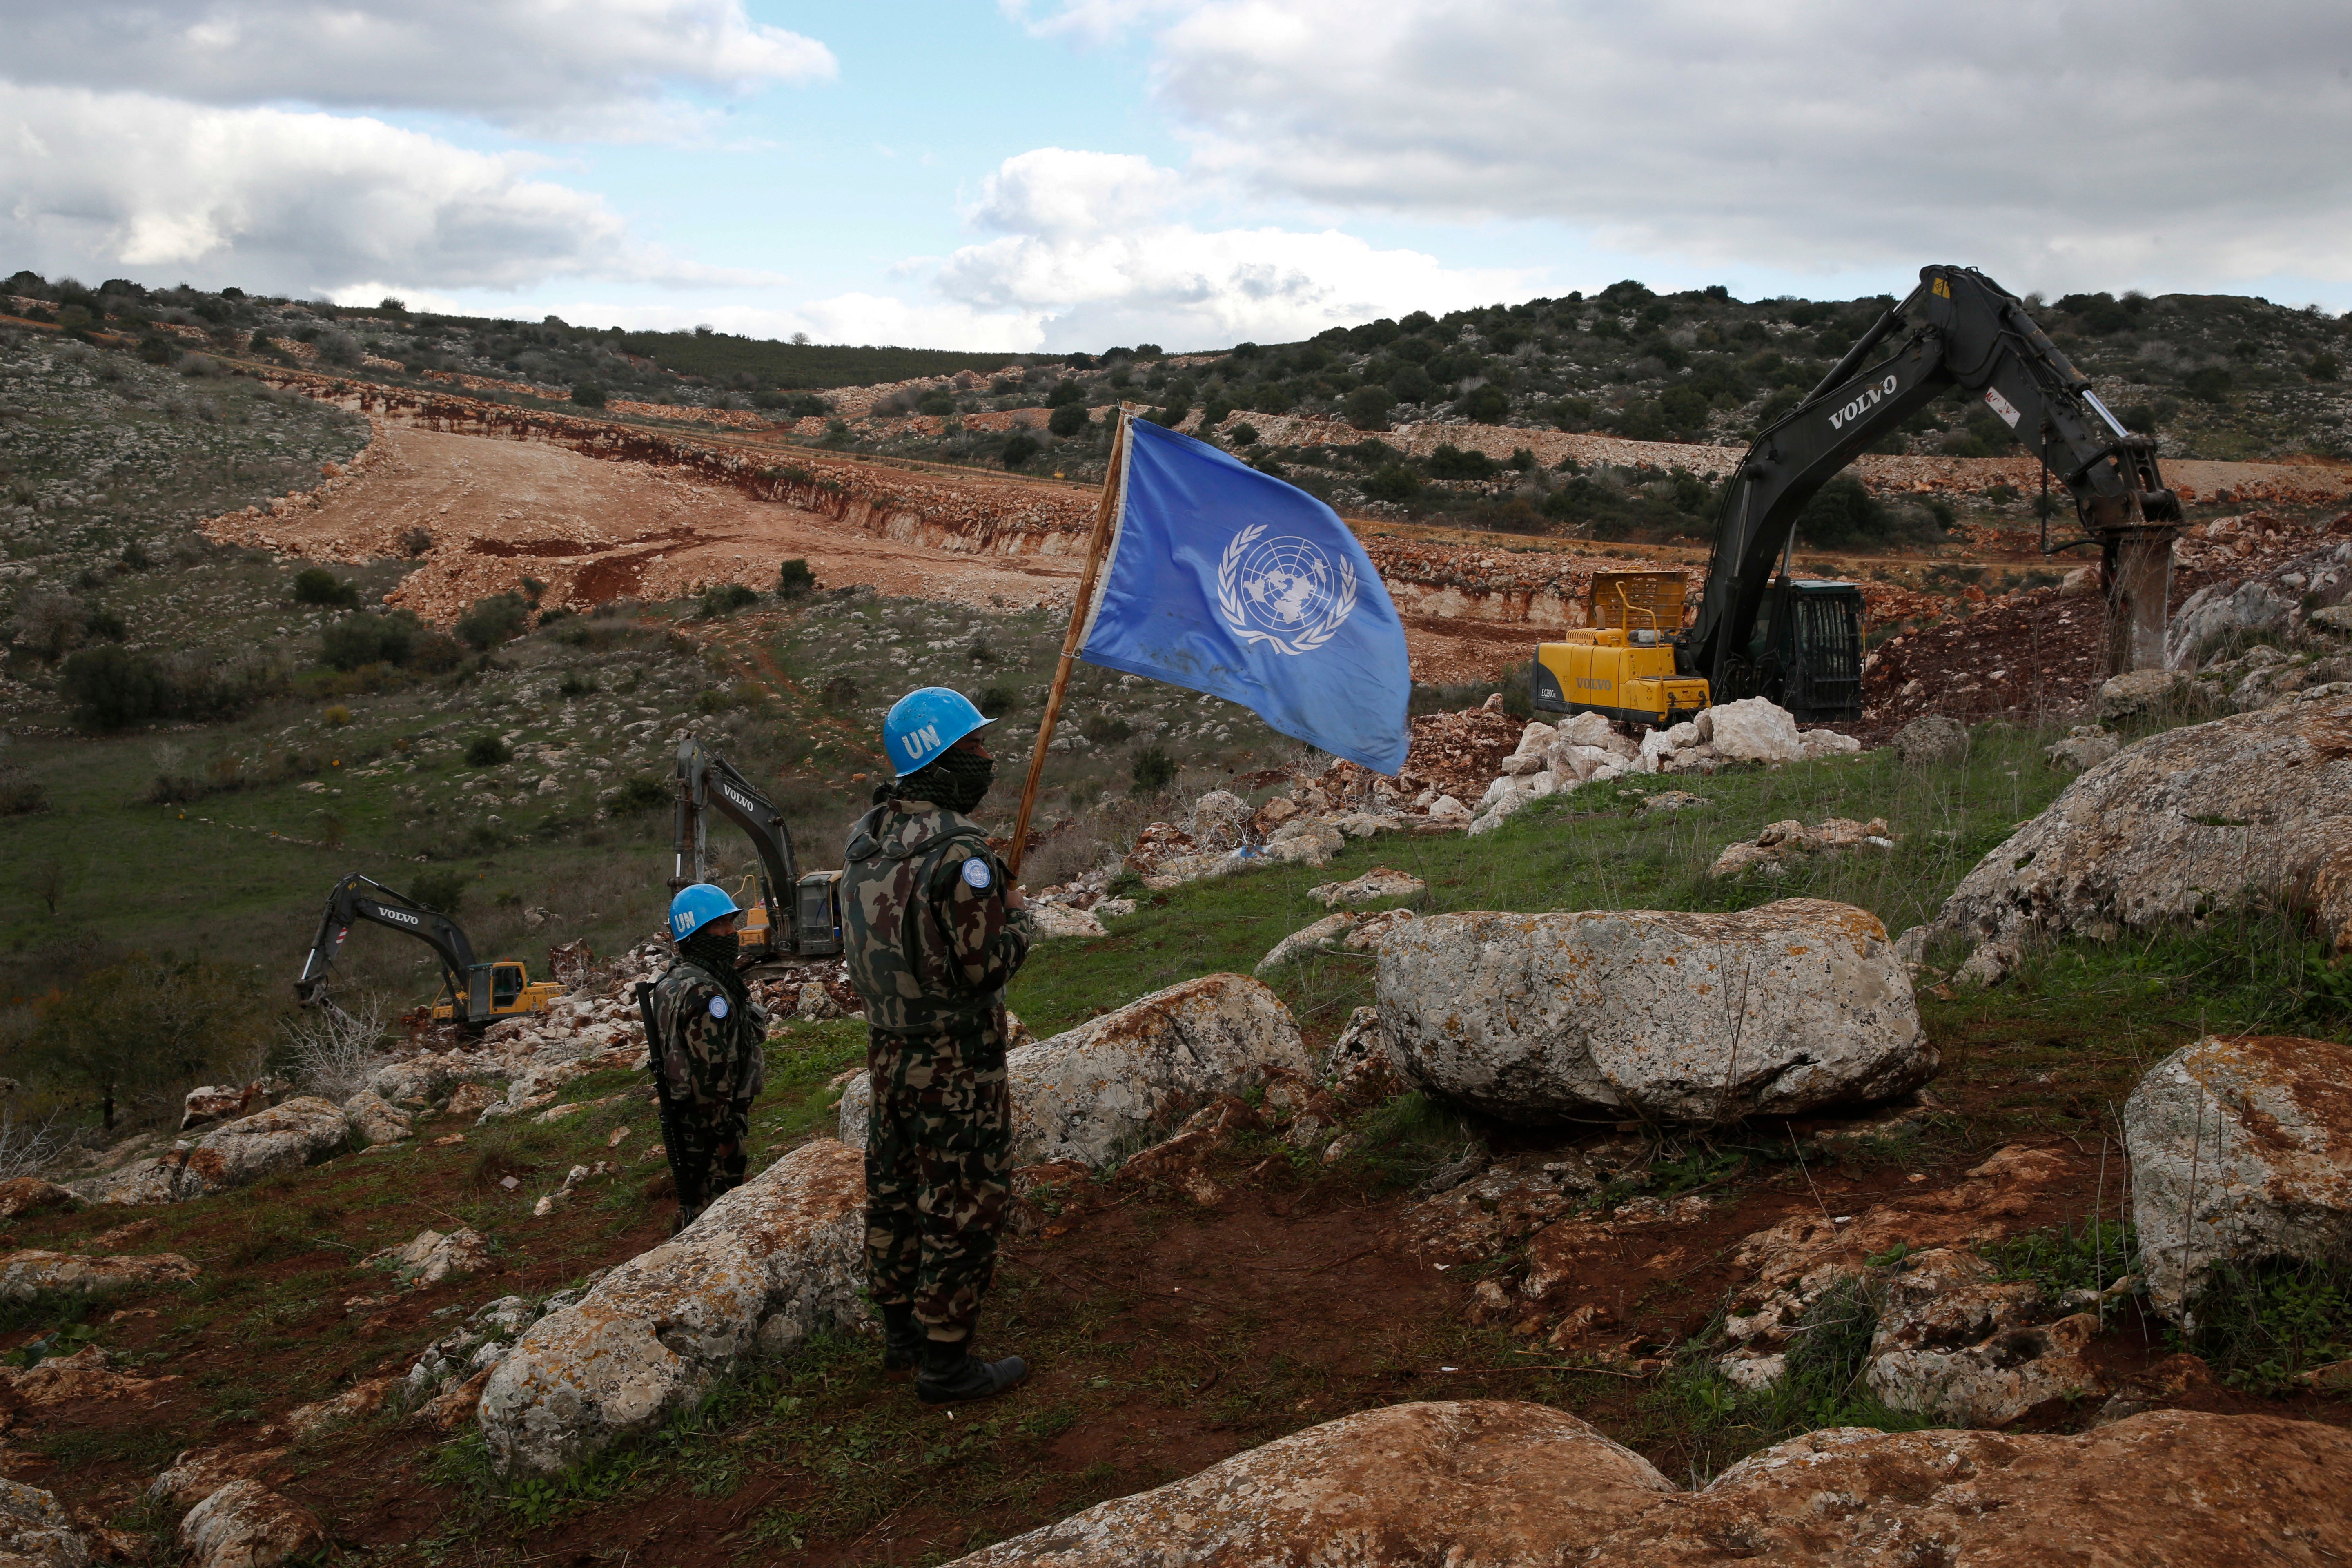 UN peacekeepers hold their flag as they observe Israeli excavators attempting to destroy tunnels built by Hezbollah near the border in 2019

··········

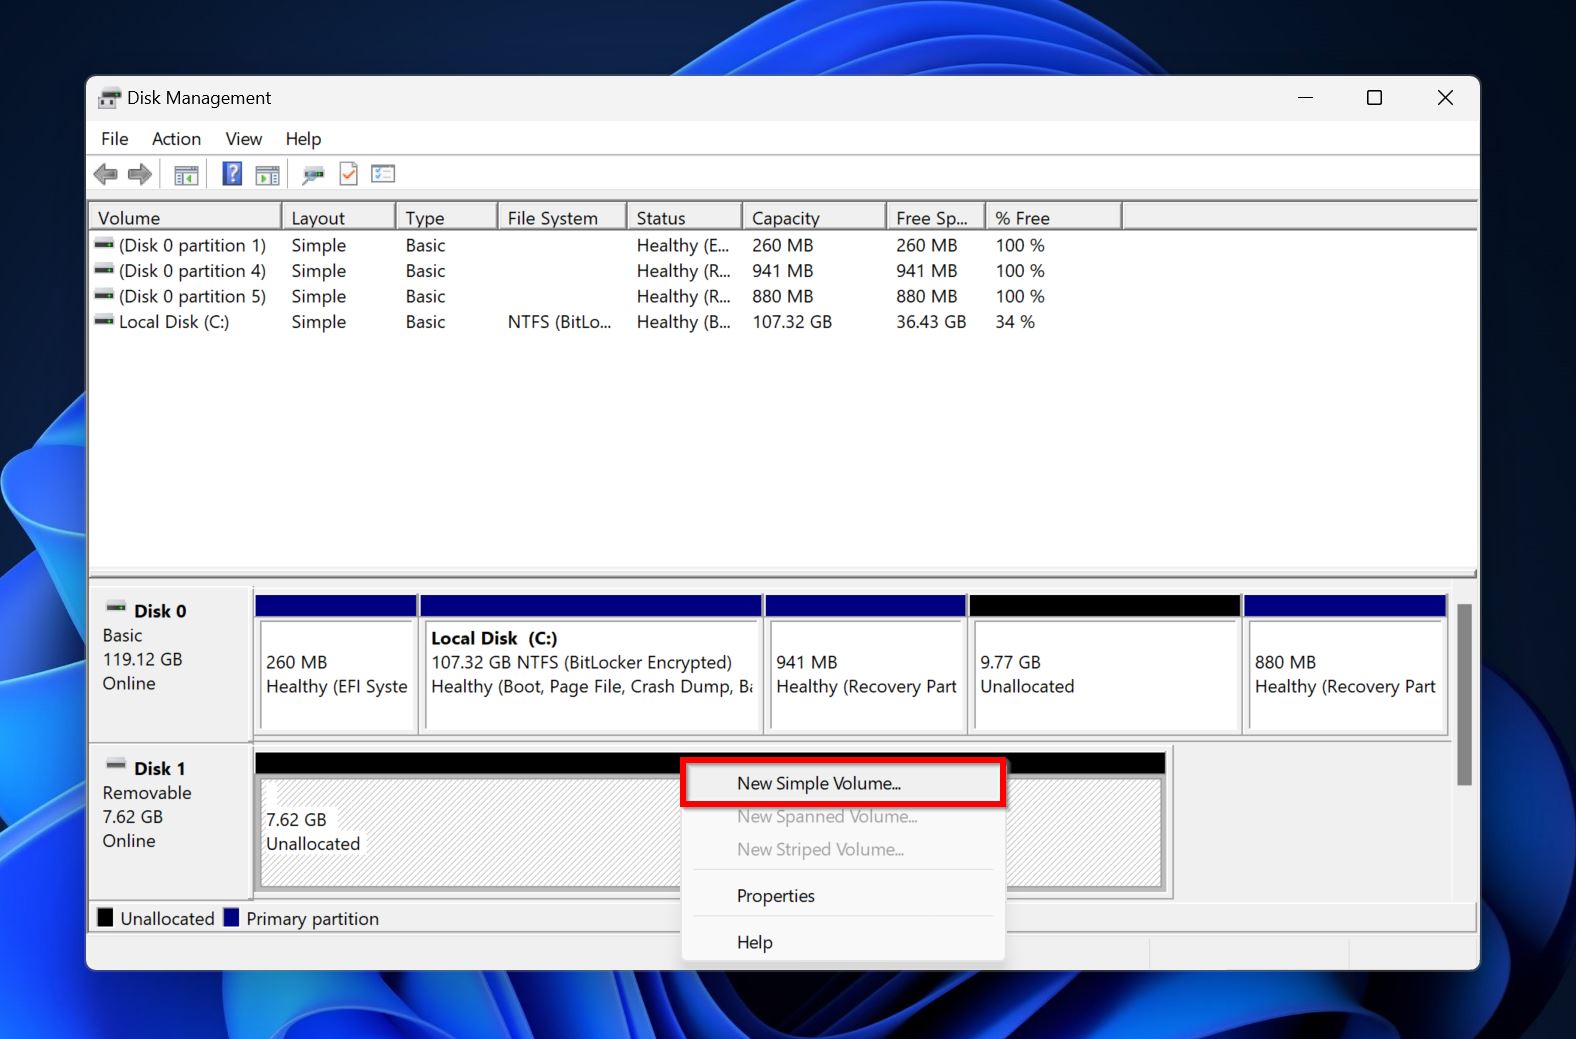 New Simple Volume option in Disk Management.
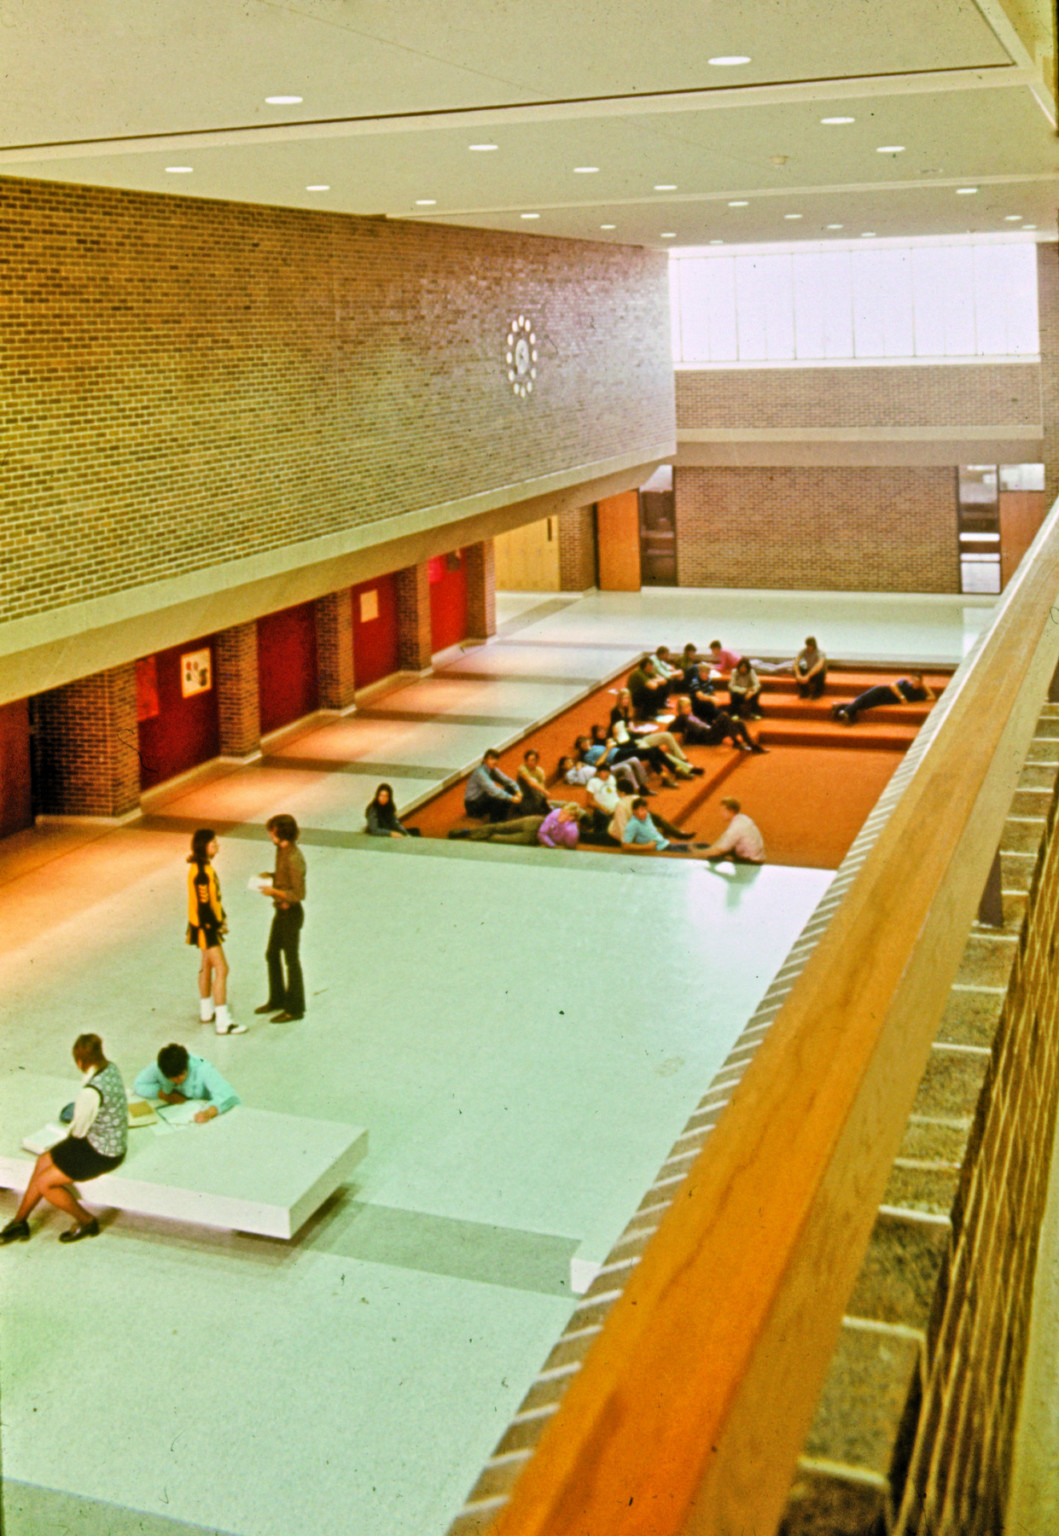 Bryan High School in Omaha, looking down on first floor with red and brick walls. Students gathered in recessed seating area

··········

* **What is being asked**
A clean copy is needed of the lines in the listing above from the one with "New Simple Volume option in Disk Management." through the one with "Bryan High School", exact in every word and free of pictures.

* **Output of the task**
 New Simple Volume option in Disk Management.
 Bryan High School in Omaha, looking down on first floor with red and brick walls. Students gathered in recessed seating area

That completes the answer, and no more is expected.